Subject to and effective upon the acceptance for exchange of the shares of
Preferred Stock tendered in accordance with this Letter of Transmittal, the
undersigned sells, assigns and transfers to, or upon the order of, the Company
all right, title and interest in and to the Preferred Stock tendered hereby.
The undersigned hereby irrevocably constitutes and appoints the Exchange Agent
its agent and attorney-in-fact (with full knowledge that the Exchange Agent also
acts as the agent of the Company) with respect to the tendered Preferred Stock
with full power of substitution to (i) deliver certificates for such Preferred
Stock to the Company, or transfer ownership of such Preferred Stock on the
account books maintained by DTC, and deliver all accompanying evidences of
transfer and authenticity to, or upon the order of, the Company; and (ii)
present such Preferred Stock for transfer on the books of the Company and
receive all benefits and otherwise exercise all rights of beneficial ownership
of such Preferred Stock, all in accordance with the terms of the Exchange Offer.
The power of attorney granted in this paragraph shall be deemed irrevocable and
coupled with an interest.
The undersigned hereby represents and warrants that he or she has full
power and authority to tender, sell, assign and transfer the Preferred Stock
tendered hereby and that the Company will acquire good and unencumbered title
thereto, free and clear of all liens, restrictions, charges and encumbrances and
not subject to any adverse claim, when the same are acquired by the Company.
THE UNDERSIGNED HEREBY FURTHER REPRESENTS THAT ANY EXCHANGE PREFERRED STOCK
ACQUIRED IN EXCHANGE FOR PREFERRED STOCK TENDERED HEREBY WILL HAVE BEEN ACQUIRED
IN THE ORDINARY COURSE OF BUSINESS OF THE HOLDER RECEIVING SUCH EXCHANGE
PREFERRED STOCK, WHETHER OR NOT THE UNDERSIGNED, THAT NEITHER THE HOLDER NOR ANY
SUCH OTHER PERSON HAS AN ARRANGEMENT WITH ANY PERSON TO PARTICIPATE IN THE
DISTRIBUTION OF SUCH EXCHANGE PREFERRED STOCK AND THAT NEITHER THE HOLDER NOR
ANY SUCH OTHER PERSON IS AN "AFFILIATE," AS DEFINED UNDER RULE 405 OF THE
SECURITIES ACT, OF THE COMPANY OR ANY OF ITS SUBSIDIARIES. If the undersigned
is not a broker-dealer, the undersigned represents that it is not engaged in,
and does not intend to engage in, a distribution of Exchange Preferred Stock.
If the undersigned is a broker-dealer that will receive Exchange Preferred
Stock, it represents that, except to the extent indicated at the bottom of the
preceding page, the Preferred Stock to be exchanged for Exchange Preferred Stock
was acquired as a result of market-making activities or other trading activities
and not acquired directly from the Company, and it acknowledges that it will
deliver a prospectus in connection with any resale of such Exchange Preferred
Stock; however, by so acknowledging and by delivering a prospectus, the
undersigned will not be deemed to admit that it is an "underwriter" within the
meaning of the Securities Act.

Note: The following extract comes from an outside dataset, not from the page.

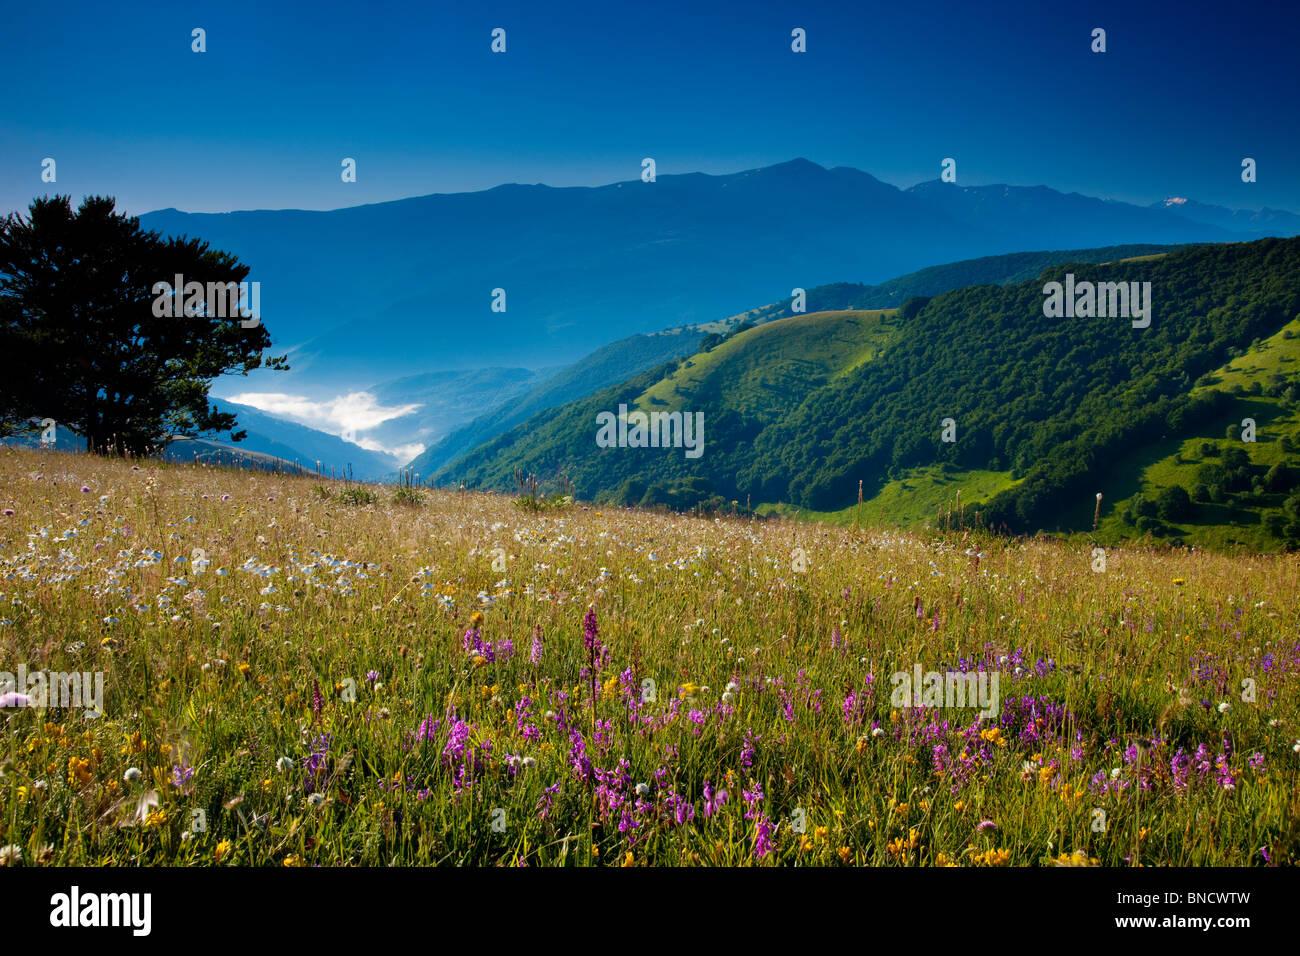 Wildblumen im Morgengrauen entlang der Forca Canapine in den Monti Sibillini Nationalpark, Umbrien Italien Stockbild

IF THE UNDERSIGNED IS A BROKER-DEALER, IT
ACKNOWLEDGES THAT IT MAY NOT USE THE PROSPECTUS IN CONNECTION WITH RESALES OF
EXCHANGE PREFERRED STOCK RECEIVED IN EXCHANGE FOR PREFERRED STOCK THAT WAS
ACQUIRED DIRECTLY FROM THE COMPANY. The undersigned will, upon request, execute
and deliver any additional documents deemed by the Exchange Agent or the Company
to be necessary or desirable to complete the assignment, transfer and purchase
of the Preferred Stock tendered hereby.
For purposes of the Exchange Offer, the Company shall be deemed to have
accepted validly tendered Preferred Stock when, as and if the Company has given
oral or written notice thereof to the Exchange Agent.
If any tendered Preferred Stock is not accepted for exchange pursuant to
the Exchange Offer for any reason, certificates for any such unaccepted
Preferred Stock will be returned (except as noted below with respect to tenders
through DTC), without expense, to the undersigned at the address shown below or
at a different address as may be indicated herein under "Special Payment
Instructions" as promptly as practicable after the Expiration Date.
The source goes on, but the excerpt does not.